In pre-railway days Piccadilly could boast of the White Horse Cellar, which Dickens made famous as the starting-point of Mr. Pickwick for Bath after being mulct in seven hundred and fifty pounds damages by the fair widow Bardell. The fact that it was an important coaching depot appears to have been its chief attraction in those and earlier days, for the novelist's description of the interior would hardly prove seductive to travellers were the house existing in its old-time condition. "The travellers' room at the White Horse Cellar," wrote Dickens, "is of course uncomfortable; it would be no travellers' room if it were not. It is the right-hand parlour, into which an aspiring kitchen fireplace appears to have walked, accompanied by a rebellious poker, tongs, and shovel. It is divided into boxes, for the solitary confinement of travellers, and is furnished with a clock, a looking-glass, and a live waiter: which latter article is kept in a small kennel for washing glasses, in a corner of the apartment." Pierce Egan, in the closing pages of his lively account of Jerry Hawthorn's visit to London, gives an outside view of the tavern only. And that more by suggestion than direct description. It is the bustle of the place rather than its architectural features Egan was concerned with, and in that he was seconded by his artist, George Cruikshank, whose picture of the White Horse Cellar is mostly coach and horses and human beings.

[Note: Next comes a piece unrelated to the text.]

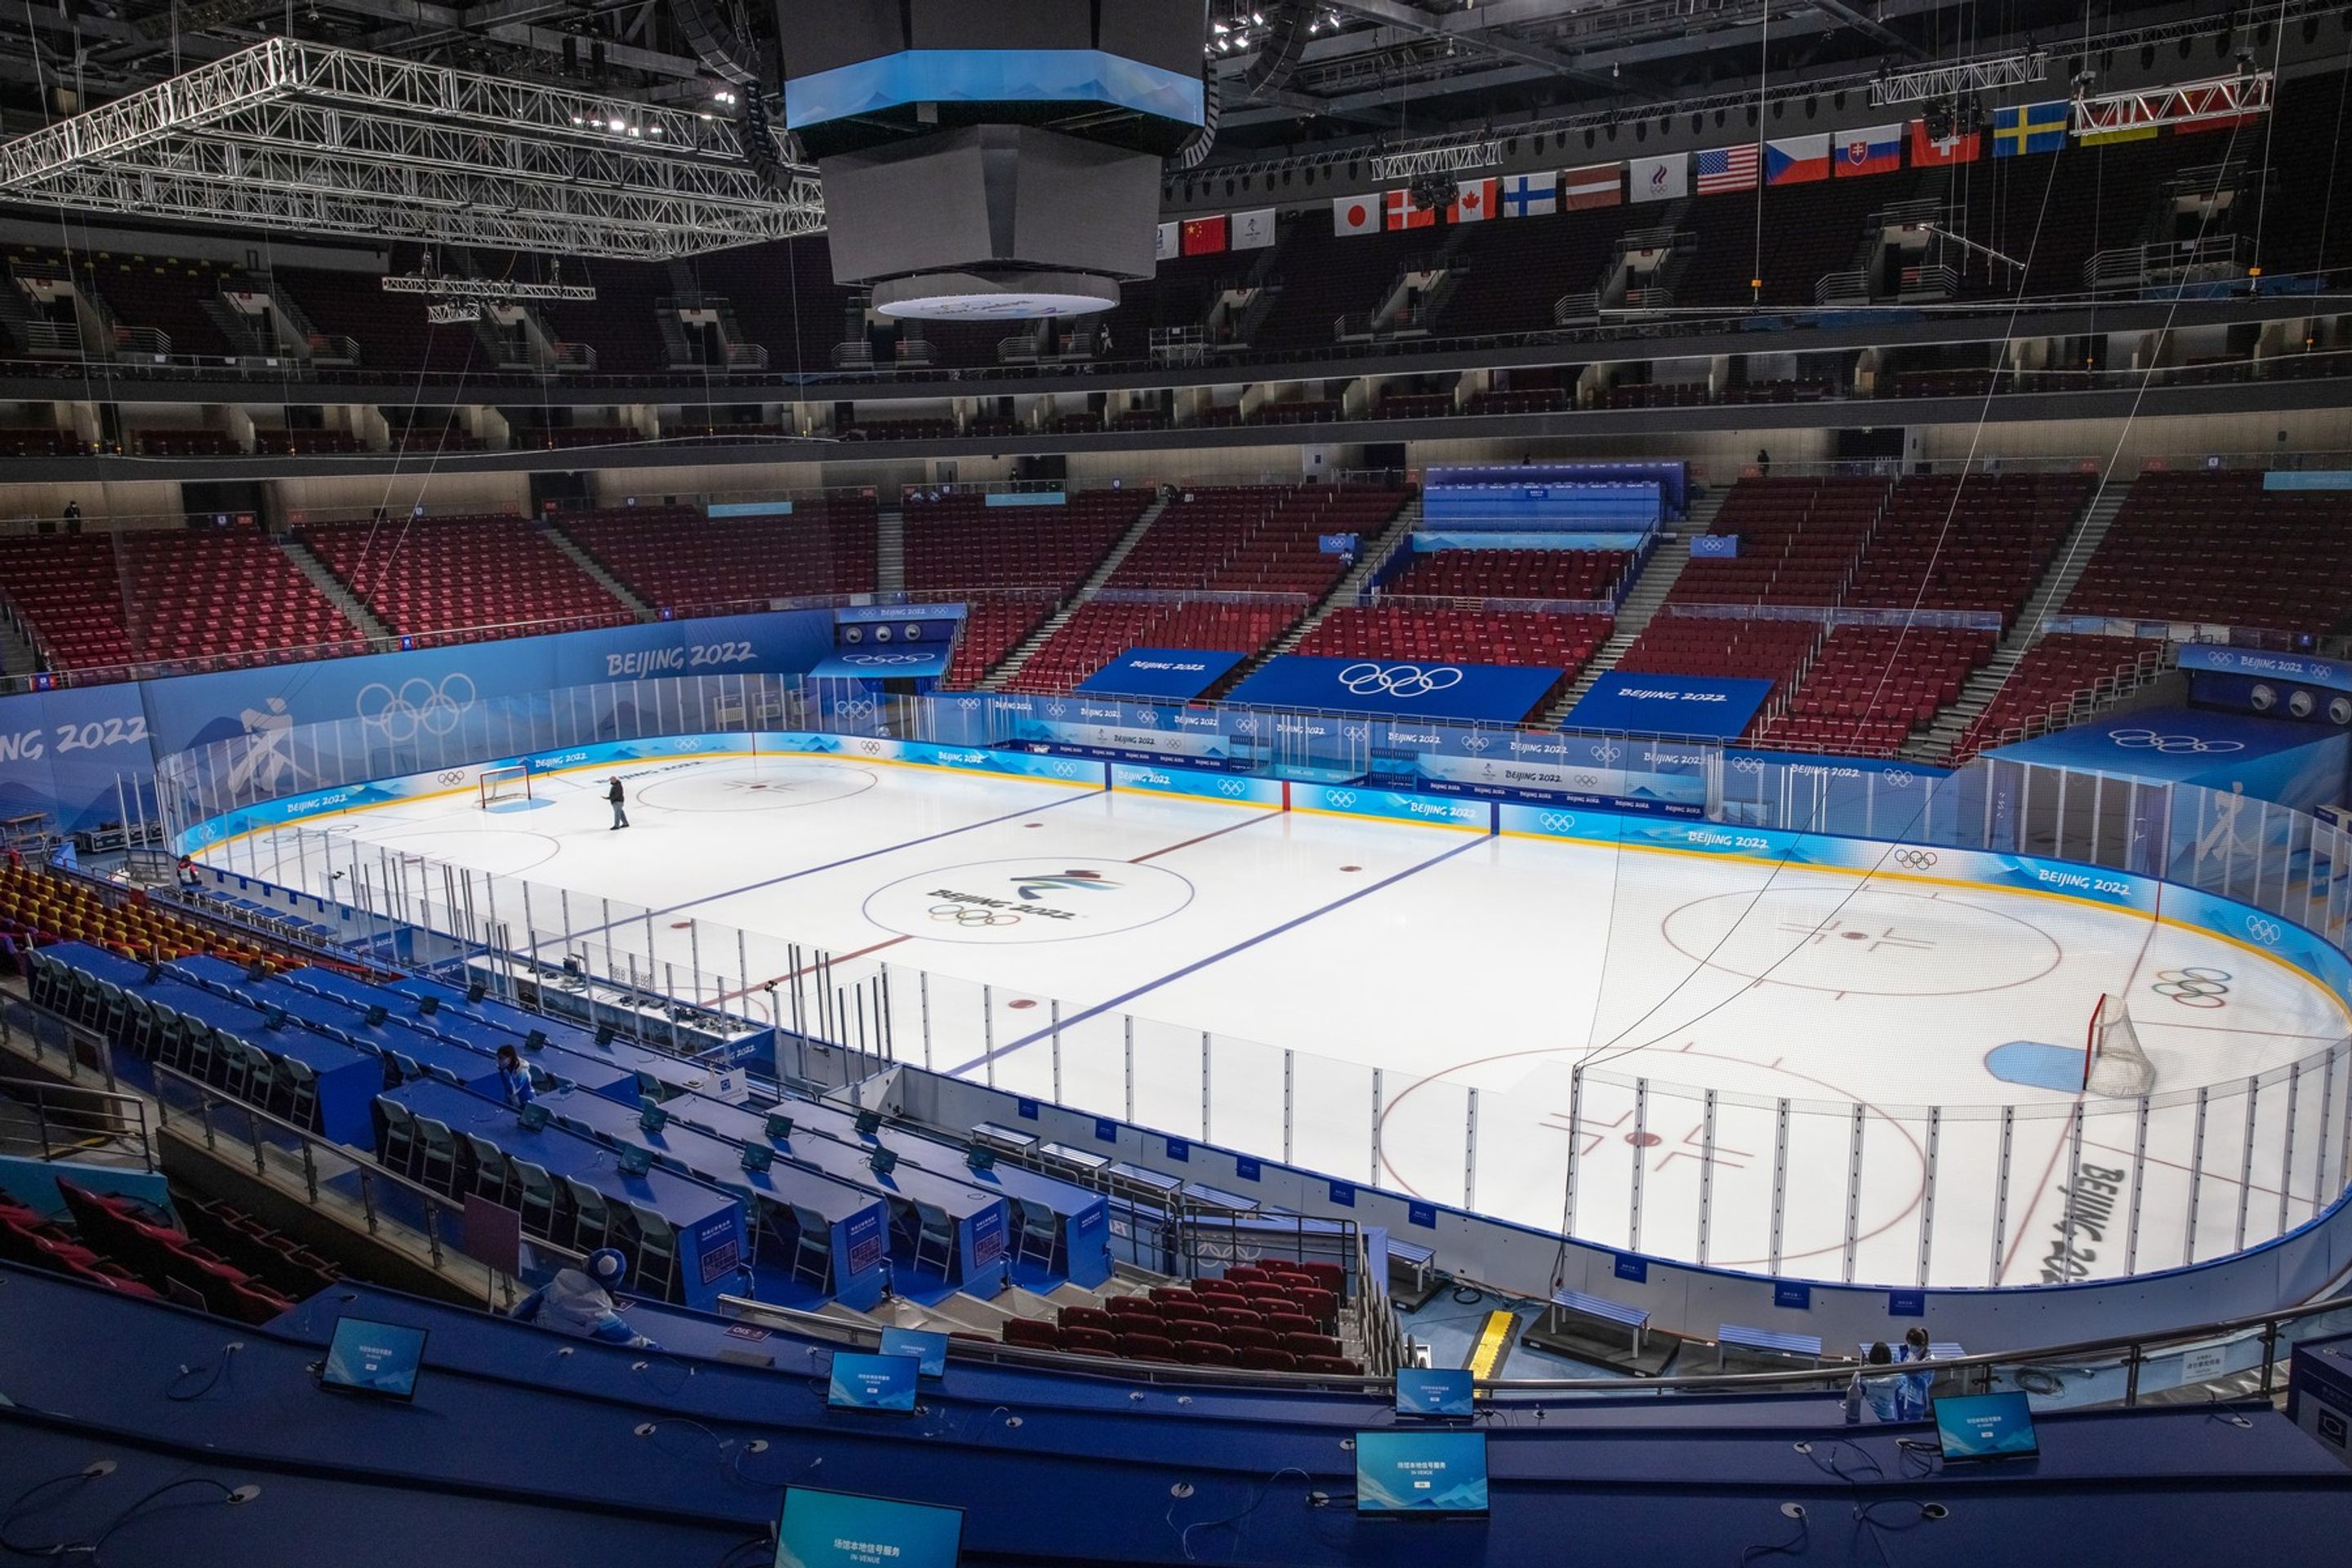 Ledová plocha ve Sportovním centru Wukesong - Pekingské sportoviště pro zimní olympijské hry v Číně 2022 (9/14)

Few if any London taverns save the Adam and Eve can claim to stand upon ground once occupied by a King's palace. This tavern, which has a modern representative of identical name, was situated at the northern end of Tottenham Court Road, at the junction of the road leading to Hampstead. It was built originally on the site of a structure known as King John's Palace, which subsequently became a manor house, and then gave way to the Adam and Eve tavern and gardens. This establishment had a varied career. At one time it was highly respectable; then its character degenerated to the lowest depths; afterwards taking an upward move once more.

Something in the shape of a place for refreshments was standing on this spot in the mid seventeenth century, for the parish books of St. Giles in the Fields record that three serving maids were in 1645 fined a shilling each for "drinking at Totenhall Court on the Sabbath daie." In the eighteenth century the resort was at the height of its popularity. It had a large room with an organ, skittle-alleys, and cosy arbours for those who liked to consume their refreshments out of doors. At one time also its attractions actually embraced "a monkey, a heron, some wild fowl, some parrots, and a small pond for gold-fish." It was at this stage in its history, when its surroundings were more rural than it is possible to imagine to-day, that the tavern was depicted by Hogarth in his "March to Finchley" plate. Early in the last century, however, it "became a place of more promiscuous resort, and persons of the worst character and description were in the constant habit of frequenting it; highwaymen, footpads, pickpockets, and common women formed its leading visitants, and it became so great a nuisance to the neighbourhood, that the magistrates interfered, the organ was banished, the skittle-grounds destroyed, and the gardens dug up." A creepy story is told of a subterraneous passage having existed in connection with the manor house which formerly stood on this spot, a passage which many set out to explore but which has kept its secret hidden to this day.